Although this is a small case-series review, we have shown that lignocaine infusion is a safe and feasible means of postoperative pain control for patients undergoing laparoscopic colorectal resection. There was no major or serious adverse reaction such as cardiac arrhythmia during the lignocaine infusion. We also demonstrated that lignocaine infusion provided effective analgesia over the first 24 hours with acceptable pain score, low rescue opioid consumption, and good patient satisfaction score. Our results are consistent with the literature. Harvey et al12 observed that pain scores were decreased when a lignocaine infusion was administered compared with a group who received IV infusion of normal saline. Kaba et al13 also demonstrated that their lignocaine group required 50% less opioid during the first 24 hours postoperatively. Similar results were reported in other randomised controlled trials demonstrating that IV lignocaine has an opioid-sparing effect as an adjuvant analgesic.7 14 A recent meta-analysis by McCarthy et al15 examined the overall efficacy of IV lignocaine on postoperative analgesia and recovery from surgery in patients undergoing various surgical procedures. It concluded that IV lignocaine infusion in the perioperative period has clear advantages in patients undergoing abdominal surgery in terms of both pain control and bowel motility.
Our study also observed that IV lignocaine resulted in rapid recovery of bowel function and mobilisation. The median time for return of flatus and ability to tolerate an oral diet was within 24 hours. The median (IQR) time for bowel opening was 3 (1-3) days. These results are similar to the findings of Kaba et al13 who showed that lignocaine infusion improved postoperative bowel function. In that study, defaecation occurred almost 1 day earlier in the lignocaine group compared with the group who received normal saline. The reasons for postoperative ileus are multifactorial, including use of opioid analgesia, the sympathetic response, and visceral inflammatory response resulting from surgery.16 A lignocaine infusion may shorten the time to bowel opening by decreasing opioid use, limiting the inflammatory response, and having a direct inhibitory effect on the sympathetic nervous system of the mesenteric nervous plexus resulting in enhanced bowel contractility.17
A meta-analysis showed that continuous IV administration of lignocaine significantly reduces the length of hospital stay when compared with controls.17 In our study, however, the median hospital stay was 6 days, similar to our usual experience. We are evaluating the possible reasons for the lack of impact on hospital stay. One of the reasons may be related to patient expectations and preference for a longer hospital stay after major surgery. Another possible reason is the similar rehabilitation care pathway for the two groups of patients that when strictly followed tended to negate the advantages of IV lignocaine.

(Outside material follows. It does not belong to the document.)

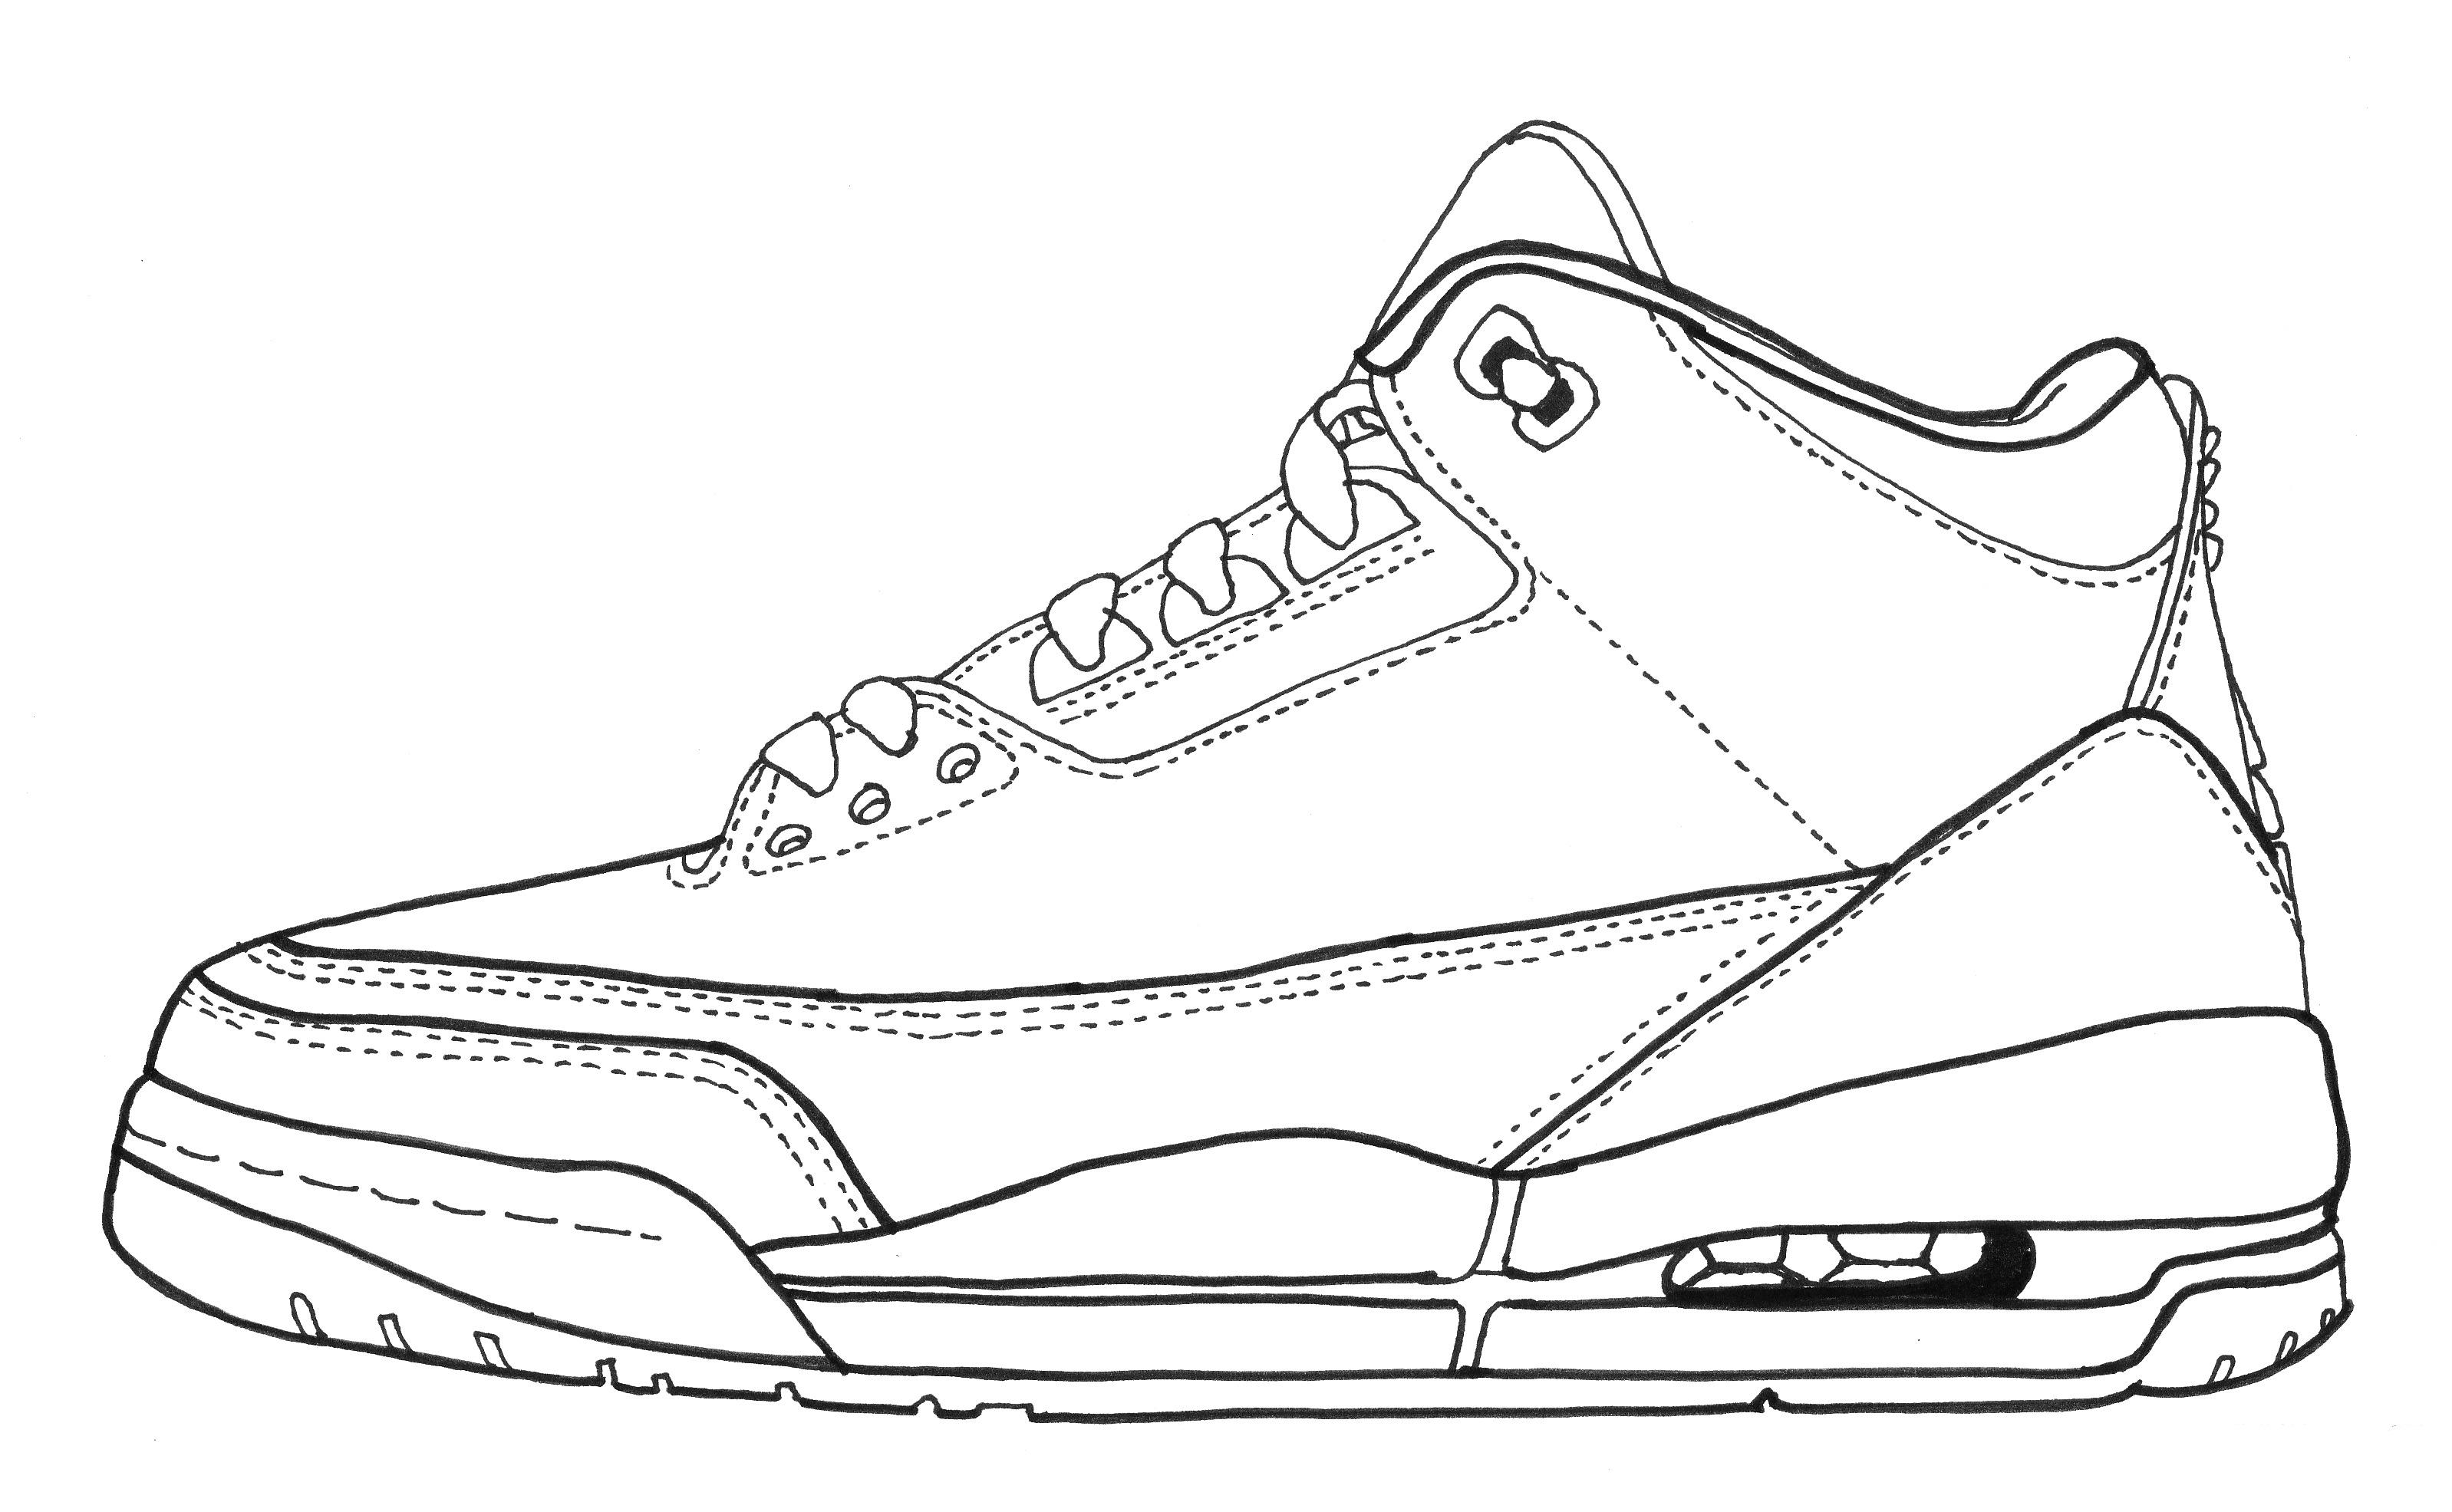 Nike Air Mag Drawing At Getdrawings

This review shows promising results demonstrating that IV lignocaine is a safe and effective postoperative analgesia in a Chinese population. It also provides comparable outcomes to those reported worldwide that postoperative lignocaine can provide a beneficial rehabilitation effect for patients who have undergone laparoscopic colorectal surgery. This provides a good platform from which to design a randomised controlled trial in the Chinese population.
The authors declared no conflicts of interest in this study.